Provided data:
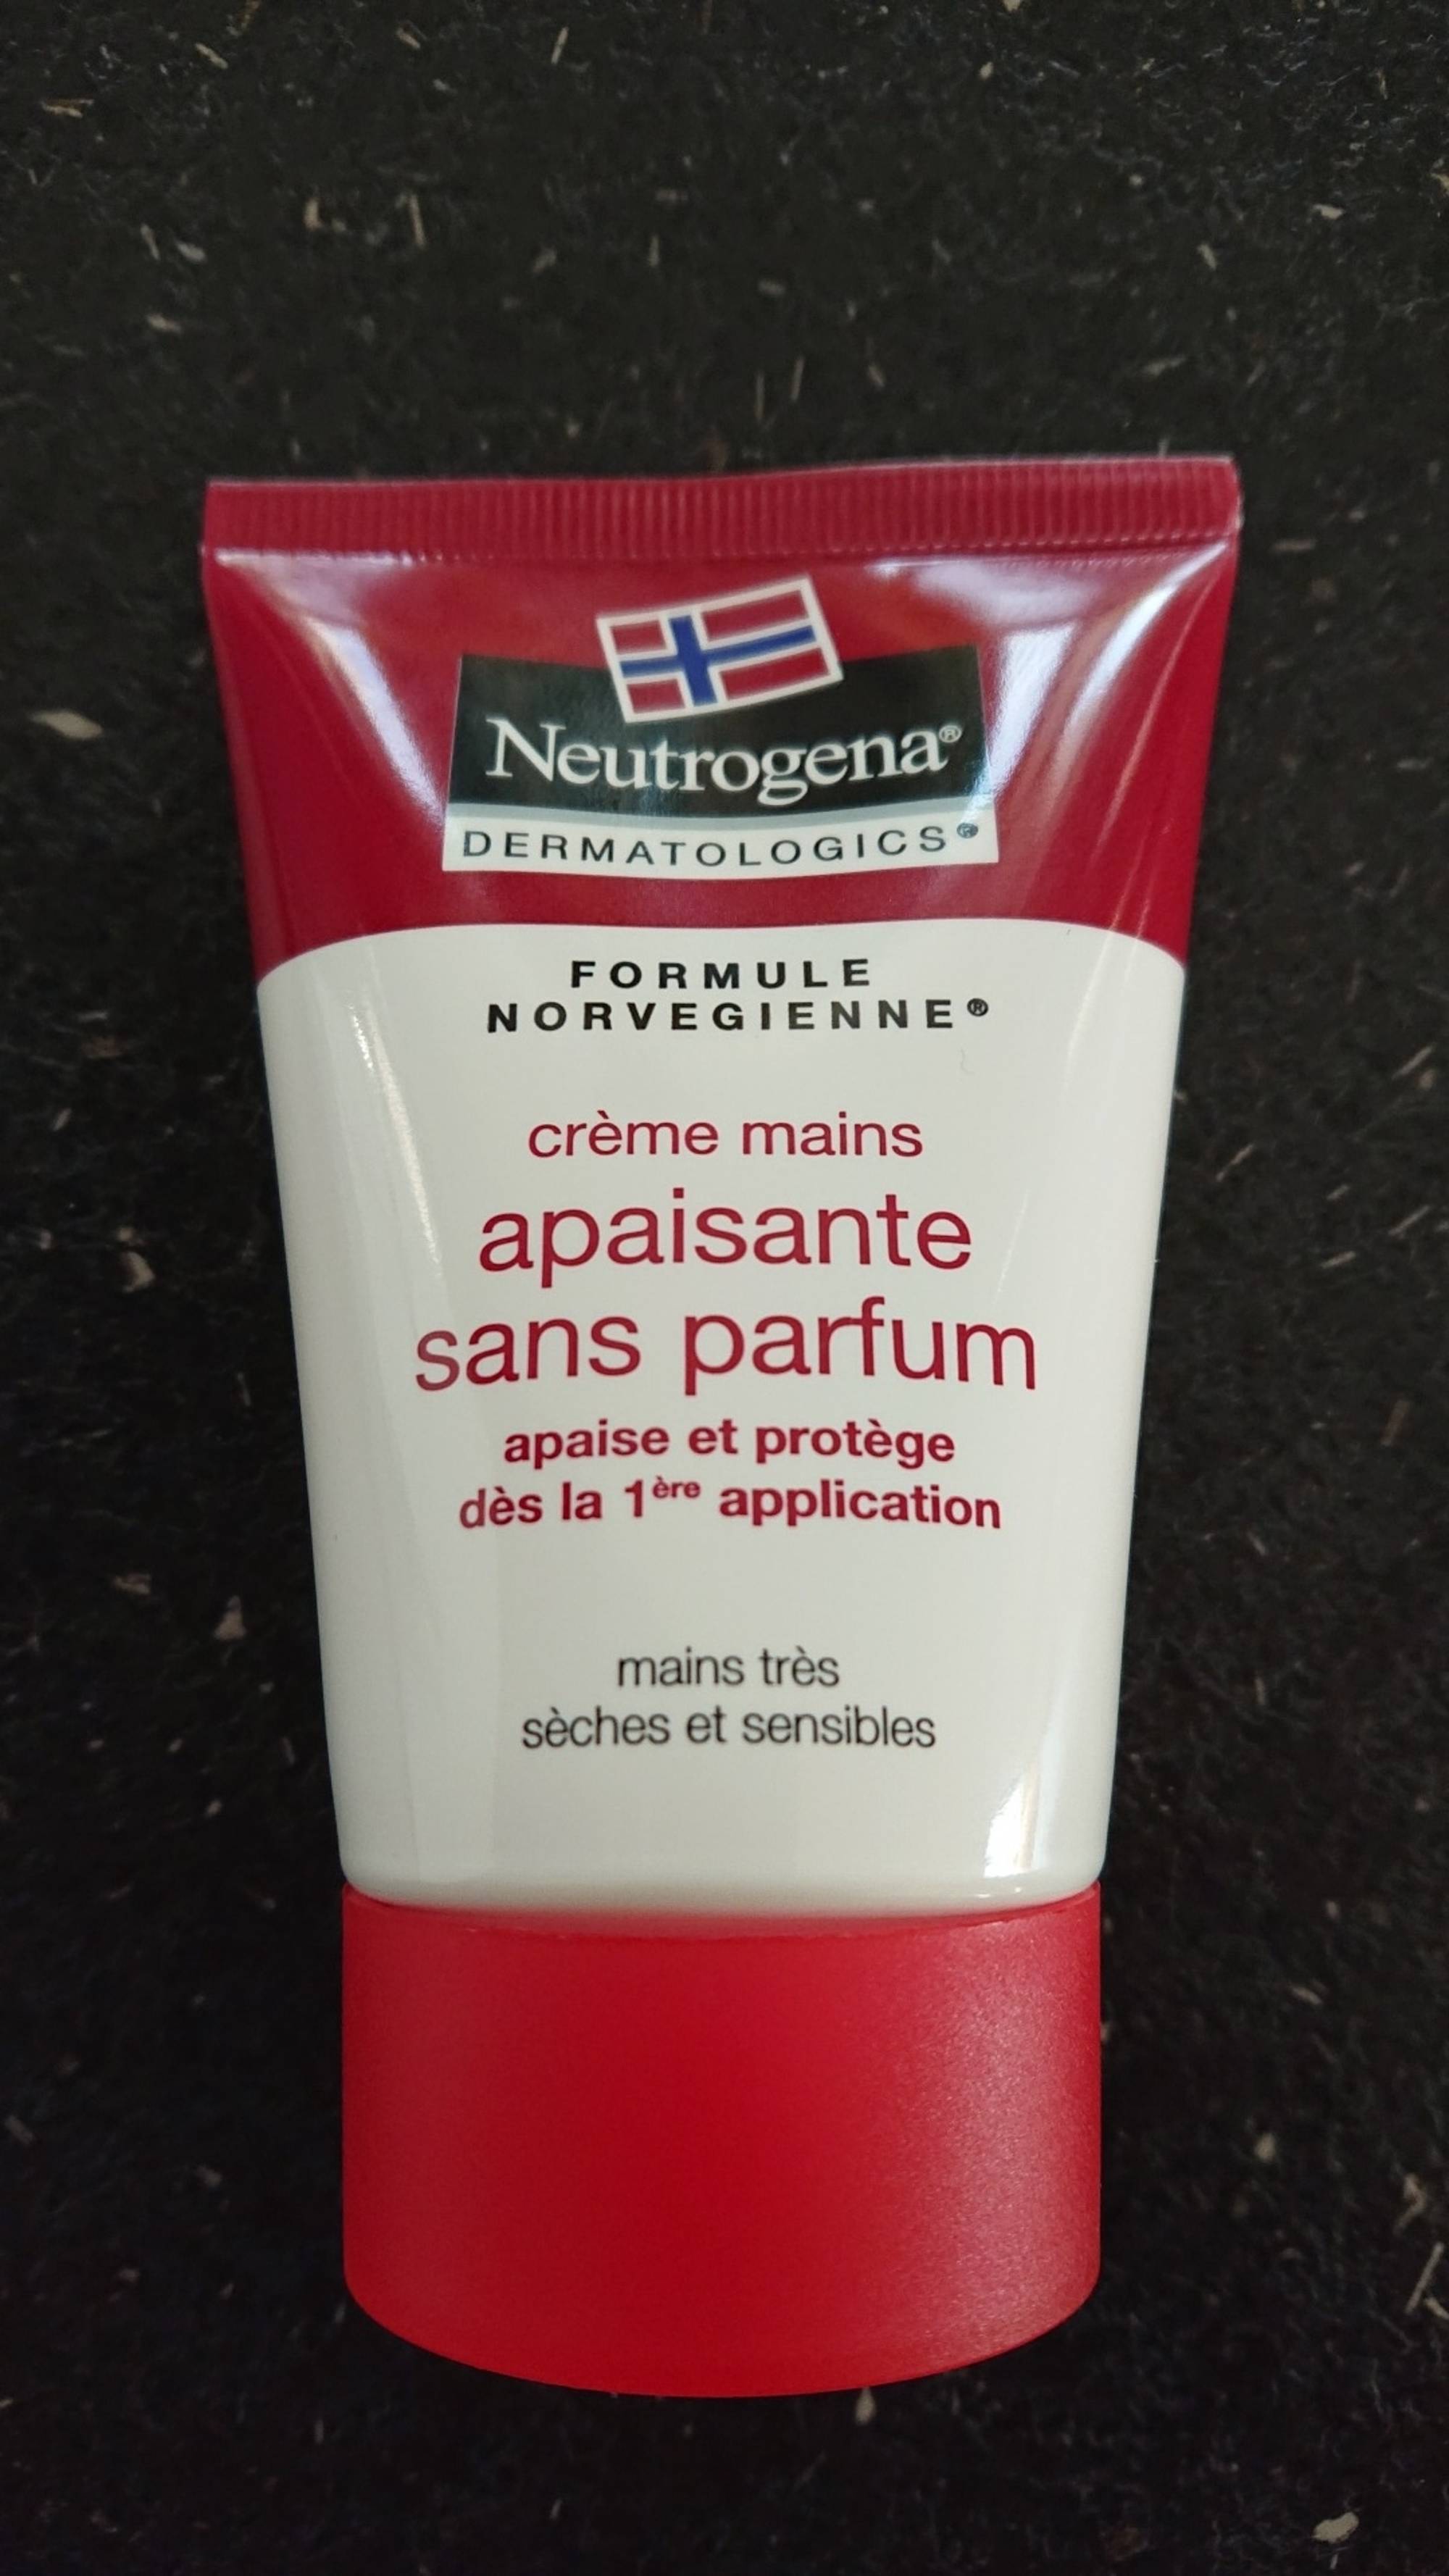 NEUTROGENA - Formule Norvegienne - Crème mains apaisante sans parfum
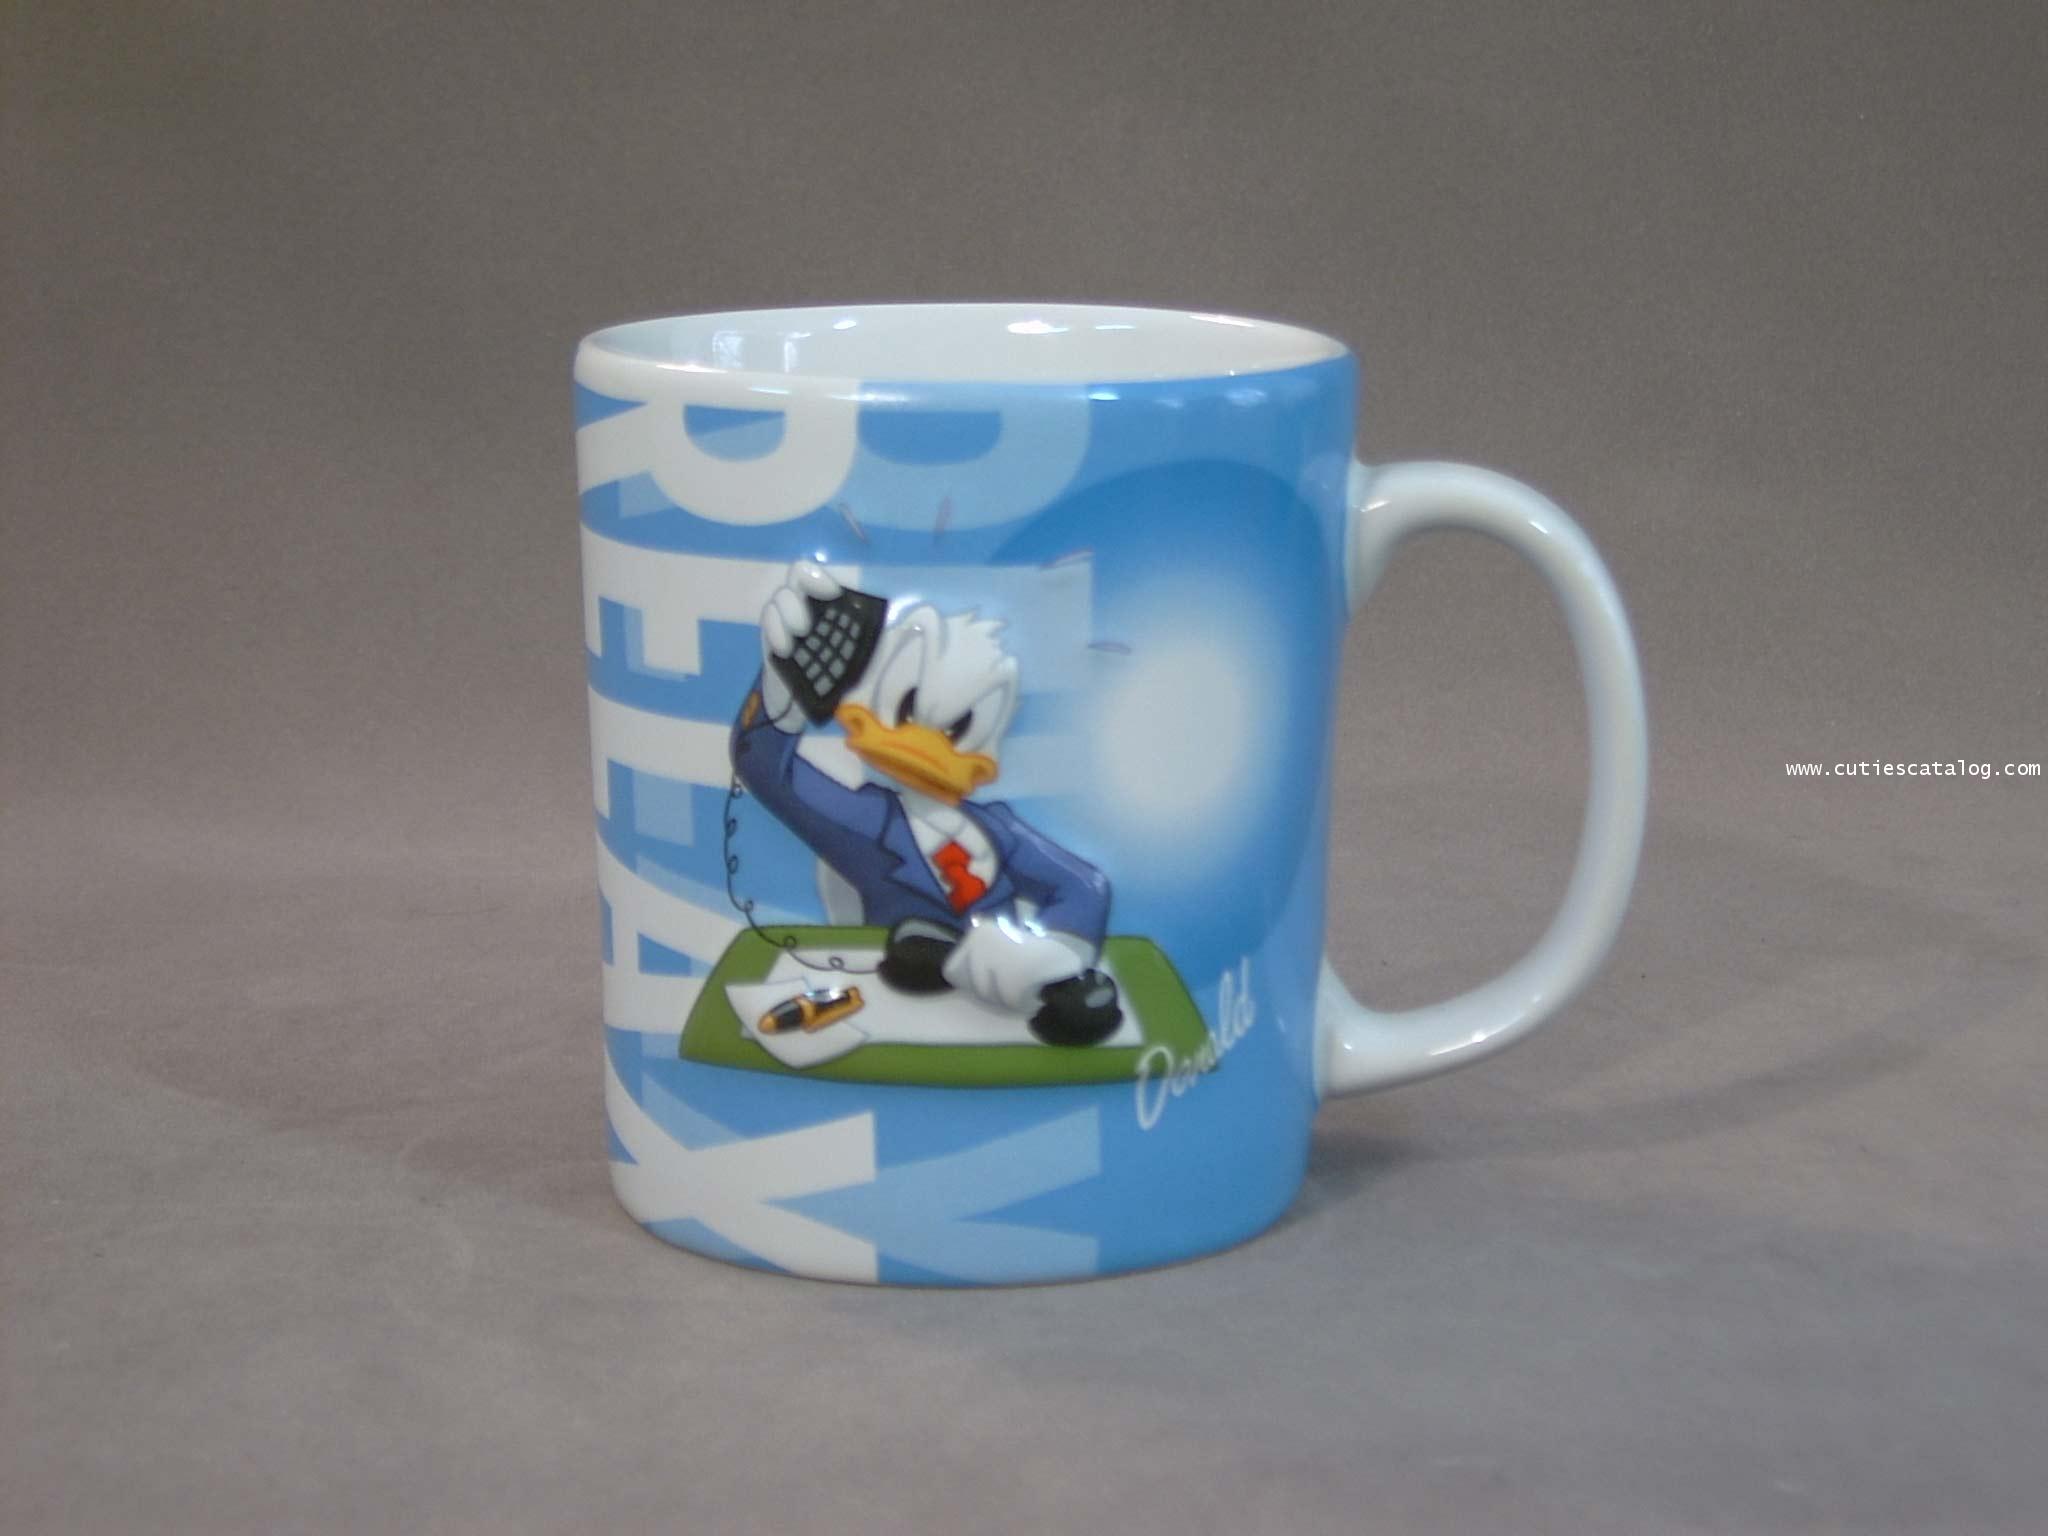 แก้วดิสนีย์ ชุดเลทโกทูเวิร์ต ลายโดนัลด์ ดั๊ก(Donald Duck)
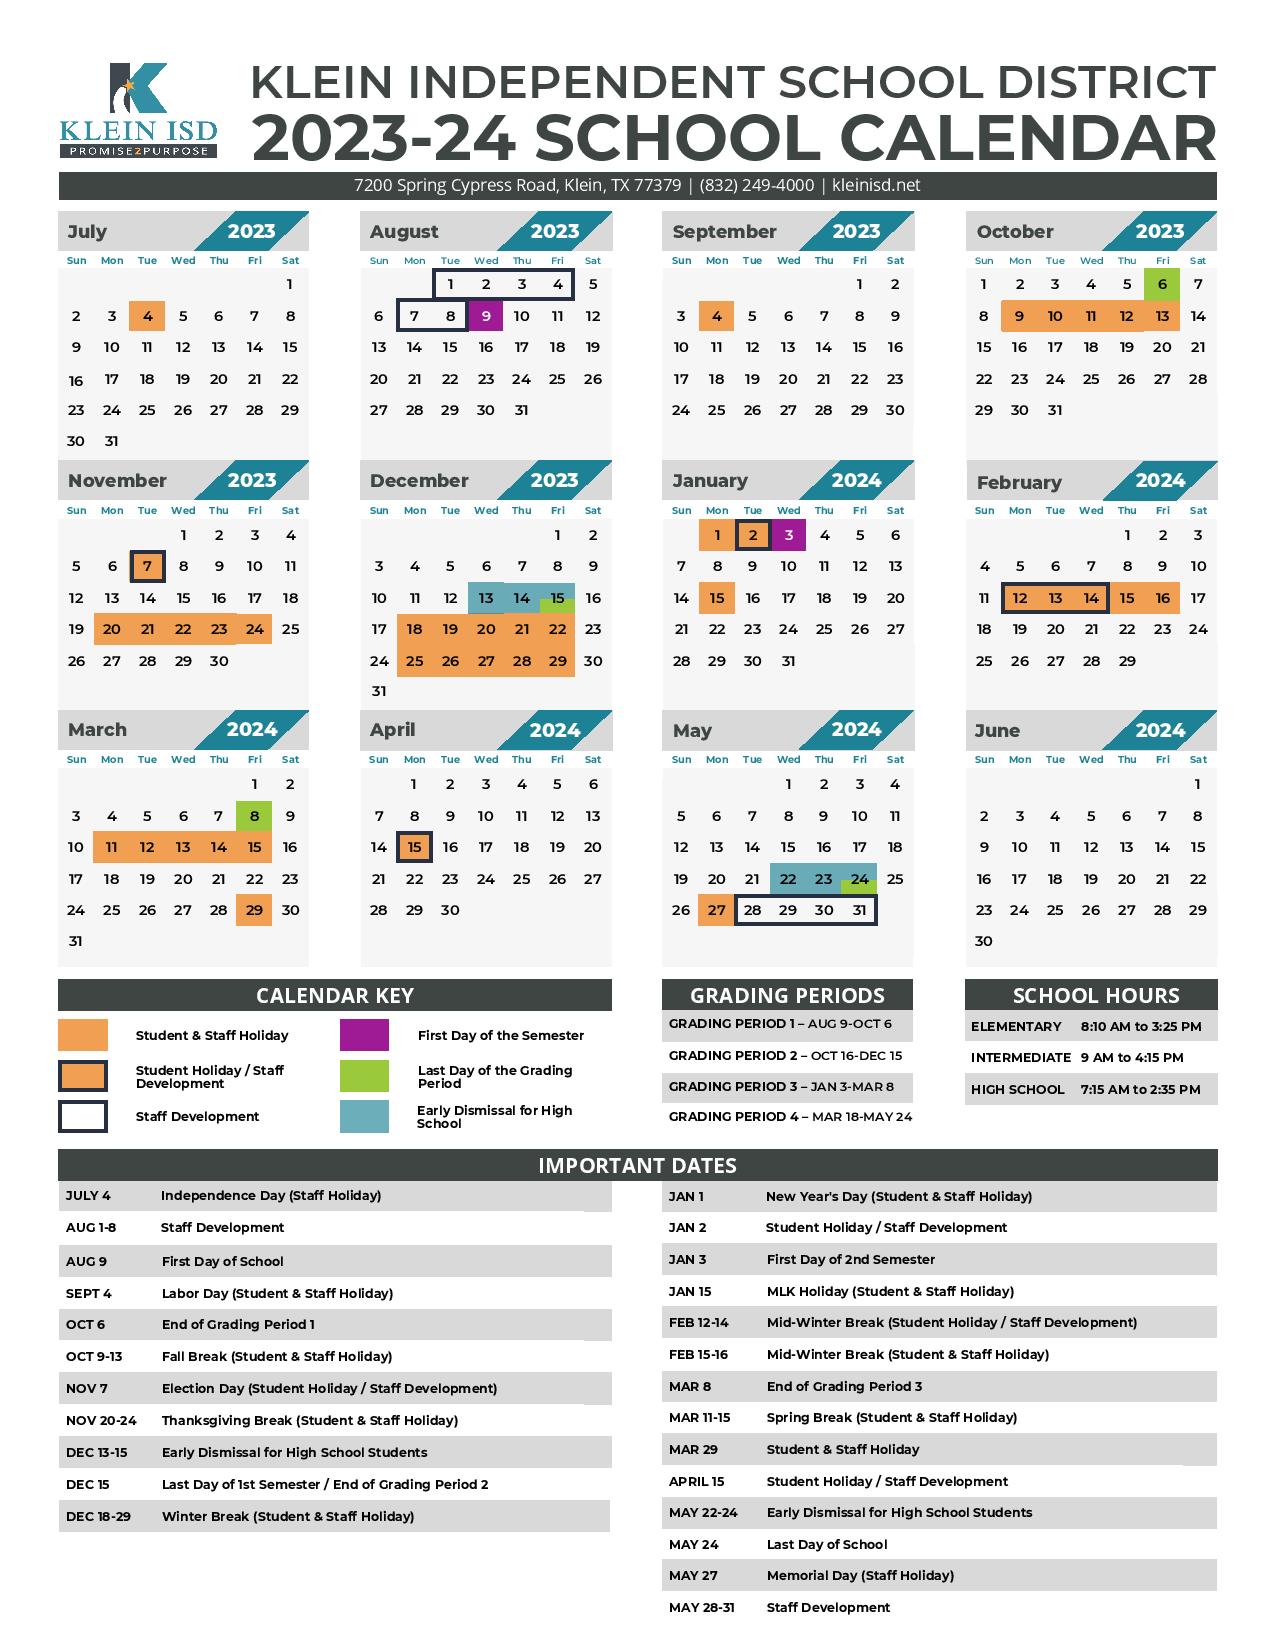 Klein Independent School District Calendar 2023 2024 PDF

Activity: Set the listing down in full and exactly. Pictures within it should not appear in the copy.

Exercise solution:
 NEUTROGENA - Formule Norvegienne - Crème mains apaisante sans parfum
 แก้วดิสนีย์ ชุดเลทโกทูเวิร์ต ลายโดนัลด์ ดั๊ก(Donald Duck)
 Klein Independent School District Calendar 2023 2024 PDF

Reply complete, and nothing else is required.